Abstract

Healing Spaces, Modern Architecture, and the Body is a collection of short essays spanning ‘urban humanities, geography, architectural history, the history of medicine, and critical visual studies’ (p. 2). There are certainly critical and conceptual markers dotted throughout, which will be familiar to cultural geographers: Foucault’s machine a geurier and biopower, Lefebvre’s Production of Space, as well as nods to humanistic geography and environmental psychology. The collection adopts a refreshingly broad take on how the architectures of health and healing might be conceived – from children’s playgrounds to medical museums via landscape gardens. Essays span ‘the nineteenth century through the heyday of modernist architectural experimentation in the 1920s and 1930s and onward into the 1970s’ (p. 2). However, the collection is not organised by time periods, instead being divided into three main sections that thematically cover: ‘Interior spaces and everyday therapeutic architecture’, ‘Healing landscapes and the body out-of-doors’ and ‘Public health and modern medical institutions’. The notion of architecture and design as practices that can encourage, if not improve, health is hardly a new one and is certainly a belief that was embraced by modernist architects of the 20th century who were designing for the model modern citizen, though the collection offers valuable insights into the intertwined development of medical science and architectural practice/thought.
Despite the thematic apparatus used to organise the chapters, the introduction was perhaps a little too brief, and I feel the editors may have offered more to emphasise the connections between the meticulously researched empirical chapters.

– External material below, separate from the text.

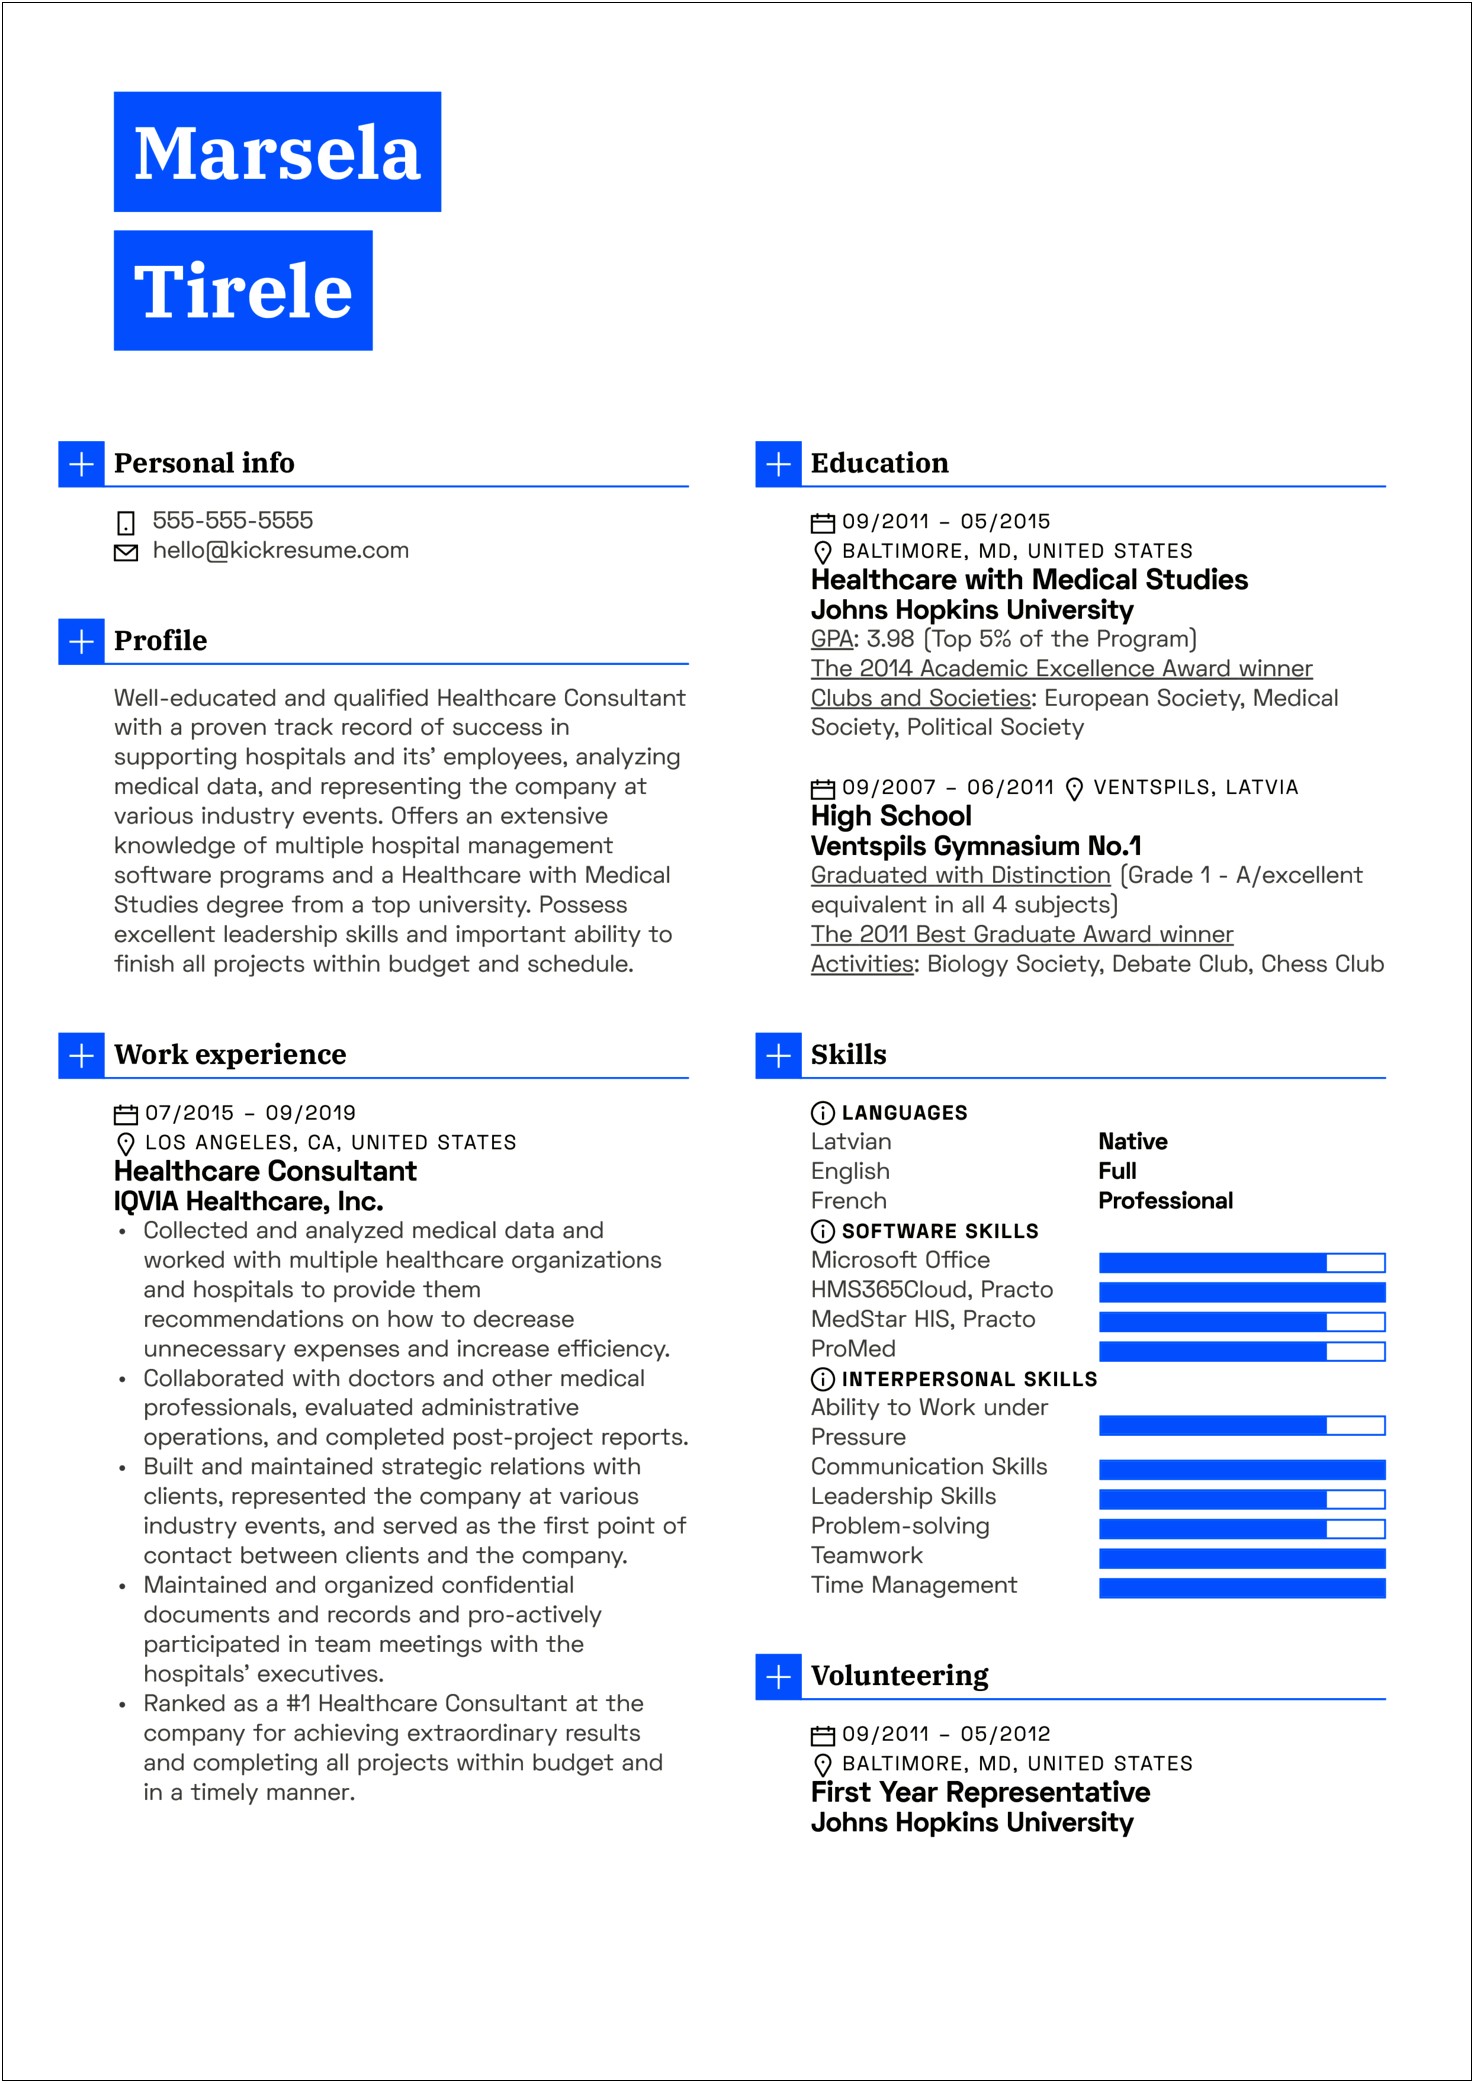 Sample Jhu Medical School Resume For Accepted Students

Of these chapters, the following stood out for me: Sarah Schrank’s insights into how nudist lifestyles were incorporated into suburban housing design, John Stanislav Sadar’s study of how glass was engineered and manufactured to ‘transmit’ health, as well as Thomas Strickland’s detailed account of how shifting ideas about the medical body were incorporated into the design of public space in the 1970s brutalist McMaster Health Sciences Center.
I read the collection in June 2017, a period when, in the United Kingdom, modernist architecture and built forms – particularly the tower block or high-rise – were under attack in the press, yet again, as being unsafe, hazardous and not fit-for-purpose in the wake of the Grenfell Tower fire in the London Borough of Kensington and Chelsea. This was a disaster that resulted in the tragic death of a large number of residents who lived in a typical example of post-war public housing. While being bombarded with a familiar and vociferous discourse of ‘failed architecture’, it was almost reassuring to engage with a series of texts in this book whose focus is firmly on the therapeutic, medicinal and healing possibilities and affordances of architecture, landscaping and urban design (even though not all of these ideas were destined to stand the test of time). What this collection offered me were glimpses into potential directions for work within the geographies of architecture around care, health and therapy particularly when it comes to modernist architecture and planning. This involves thinking beyond ruination, dereliction and ‘failure’ and to focus on how, both historically and now, buildings are intricately part of complex cultures and practices of care and maintenance, which have significant impacts on the lives and health (both physical and mental) of residents and users.